A journalist named Rob Waters attempts to clear up the conflation of the identities of the two men:
I think you're confusing the issue and getting too hung up on the provenance of the phrase, ``the Berlin patient.'' Yes, there was another but they're not the same guy and they didn't have the same procedure. Berlin patientn #2, if you want to call him that, went from HIV-infected to having no detectable virus after receiving a stem-cell transplant and has captivated AIDS researchers for that reason.
Note also, that Sangamo is mentioned in the context of this discussion.
For further coincidence, Mark Schoofs—the author of the 1998 article that identified the first guy as "The Berlin Patient" ( http://www.nytimes.com/1998/06/21/magazine/the-berlin-patient.html?pagewanted=all&src=pm ) in 2008 wrote about a patient who matches Tim Brown's profile ( http://online.wsj.com/article/SB122602394113507555.html ). Curiously, Schoofs did not use the moniker "The Berlin Patient" in his later article as he did in the first.

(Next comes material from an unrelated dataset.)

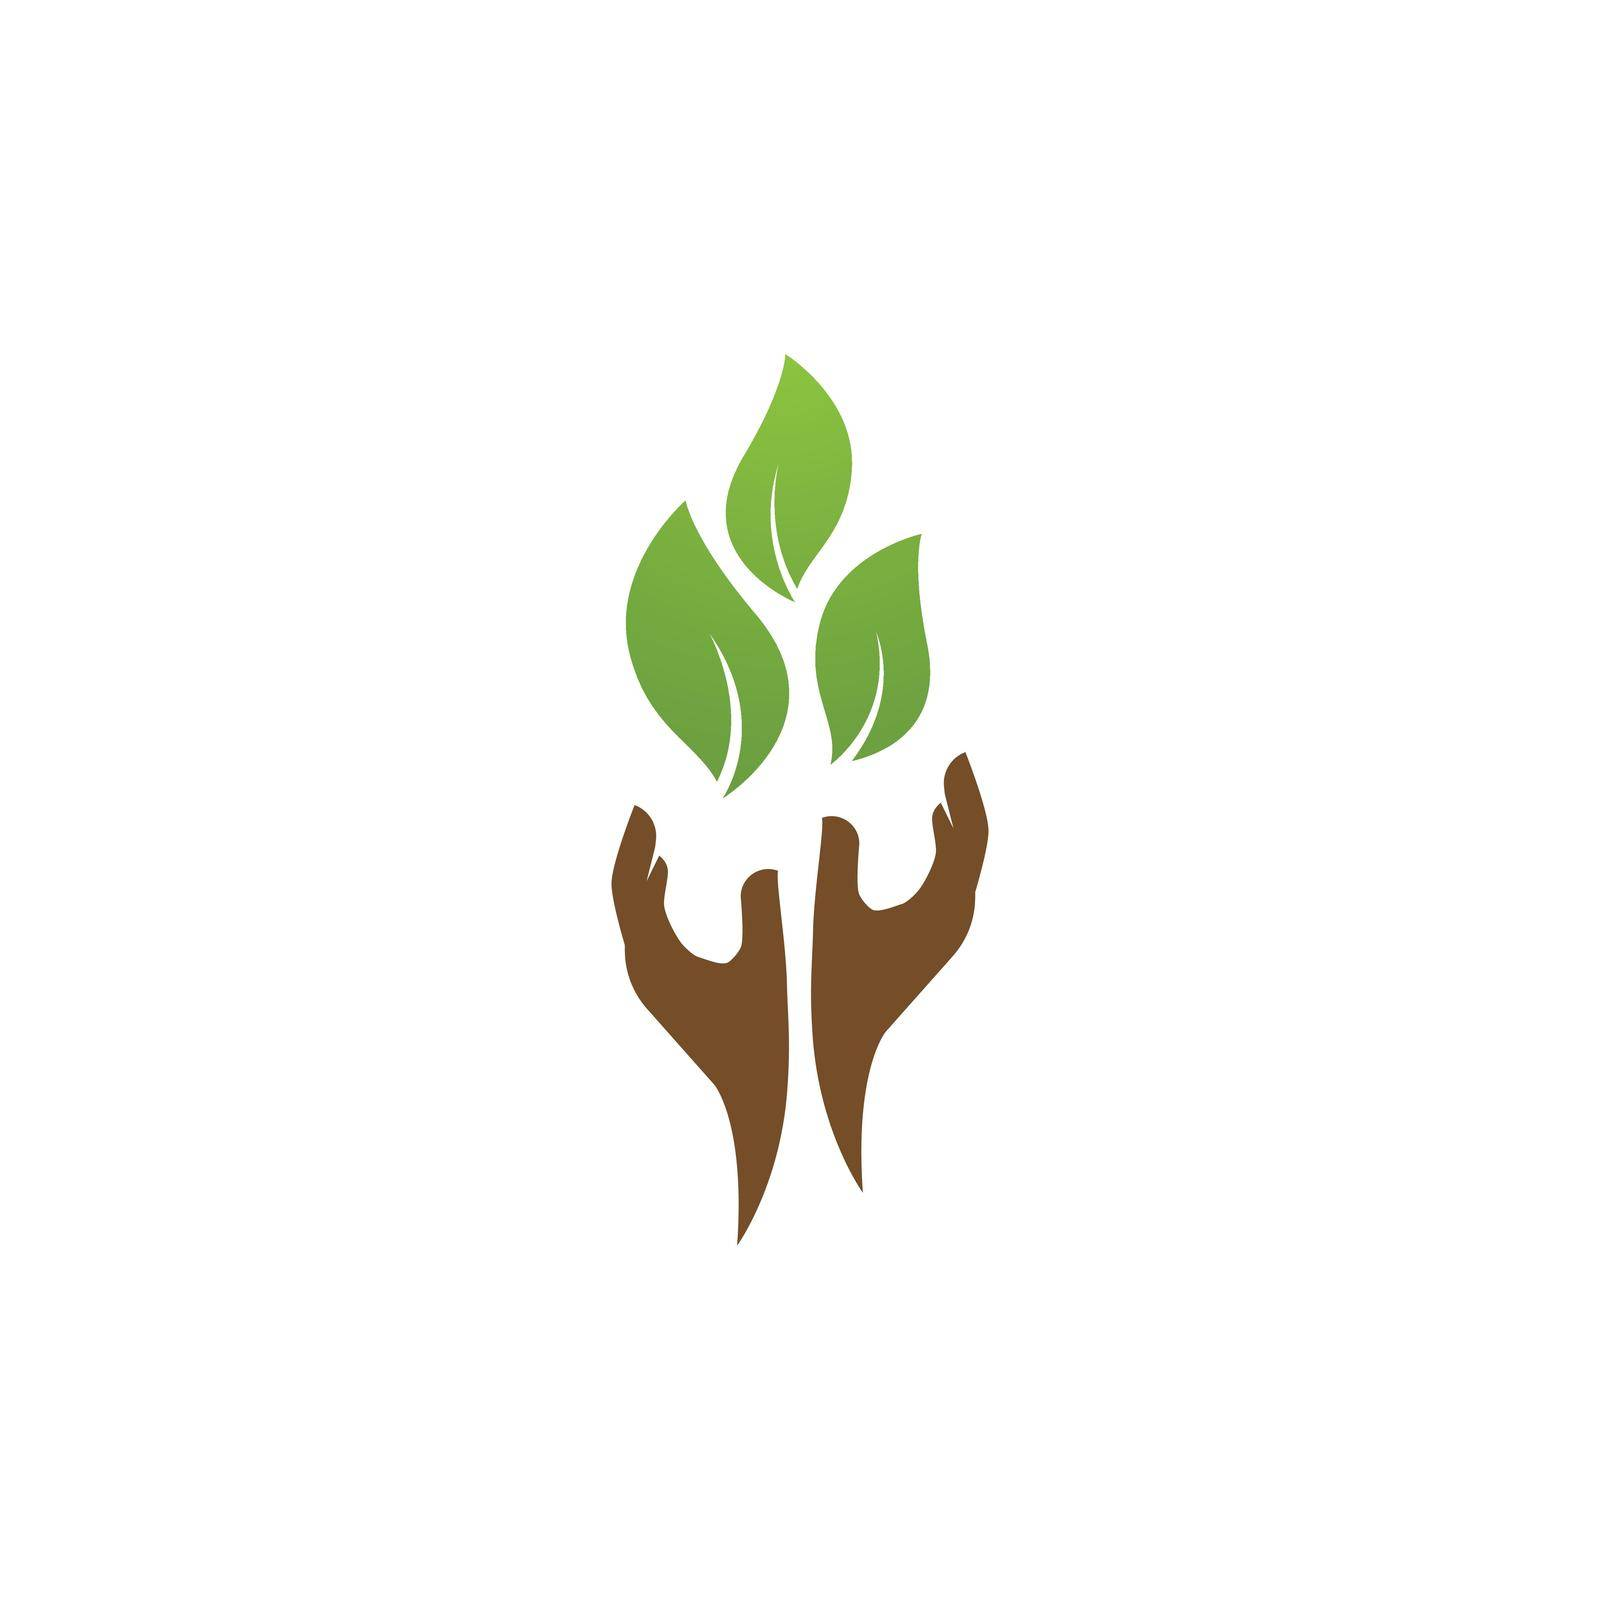 Save nature ecology logo hand and leaf illustration

The final paragraph of the piece is rather stirring, though sad. I include it here because it proved to be an early harbinger of what was to come regarding the CCR5 mutation:
In 1989, Dr. Rossi had a case eerily similar to the one in Berlin. A 41-year-old patient with AIDS and lymphoma underwent radiation and drug therapy to ablate his bone marrow and received new cells from a donor. It is not known if those cells had the protective CCR5 mutation, because its relation to HIV hadn't been discovered yet. But after the transplant, HIV disappeared from the patient's blood. The patient died of his cancer 47 days after the procedure. Autopsy tests from eight organs and the tumor revealed no HIV.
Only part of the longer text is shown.